Figure 3. The spelling of Lidocaine is not Lidocane.

Line 333: Should be Gluteus Maximus

Author Response

This is a well written manuscript on a fluid based electrode system.

Thank you!

Major comments:

1. I believe that the electrode shape will not work for chronic implantation since the curl is too open and flexible and it will not maintain its position. Please discuss this and possible improvements in the design.

2. The agar gel at the end openings of the three micro tubes have a high chance of bleeding into each other, which would short circuit the electrode and prevent bipolar stimulation and/or recording. The authors have used monopolar activation and recording but not bipolar. I think it is important to discuss this in the manuscript.

Thank you for these observations. We agree. We introduced the following text to the end of the Results and Discussion.
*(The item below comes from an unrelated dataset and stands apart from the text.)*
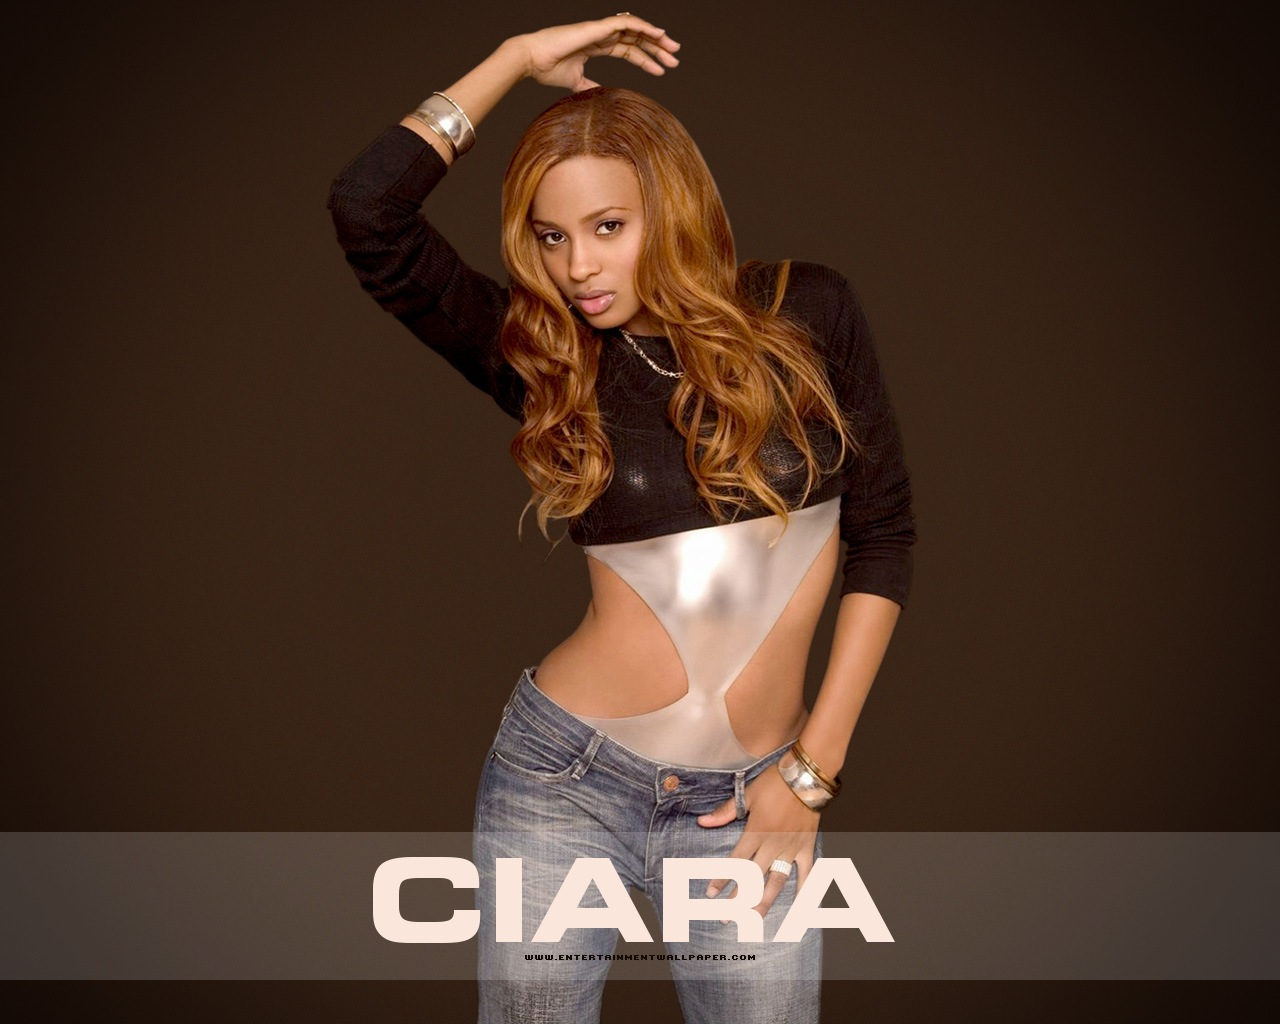 Fotos de Ciara - Ciara Princess Harris

Chronic implantation will require further improvements in the design. We foresee that the cuff design would need to change to allow it to move freely with the nerve laterally within the muscle. For this reason, anchoring the cuff to the muscle may actually prevent the natural lateral motion within the muscle. Instead, we envision that the microfluidic channels would be oriented not perpendicularly to the nerve as they are in this prototype, but continue along the nerve, exiting the muscle parallel to the nerve. This would allow for free movement of the nerve laterally, and allow the cuff to move with it rather than impeding its motion.

While our electrode was designed for multiple contacts in principle, we limited our experimental investigation exclusively to monopolar function to simplify the experimental design. Because the contacts are located very near each other at the nerve interface, they may connect and shunt at the interface. To improve this connection, we propose that a soft insulating gel be positioned between the individual contact points on the nerve. These could be made from multiple possible hydrophobic materials, including PDMS or alternative oil-based-polymers.

Minor comments;

Figure 1. Please indicate with a different color where the microfluid channel is open at the nerve end. Figure 1 a seems to show that the 3 channels are in contact with each other at the nerve end.

Figure 3. The spelling of Lidocaine is not Lidocane.

Line 333: Should be Gluteus Maximus

These are fixed. Thank you.

Round 2

Reviewer 1 Report

The author addressed almost all review comments well. But, there are still spelling errors of Lidocane in Fig. 4.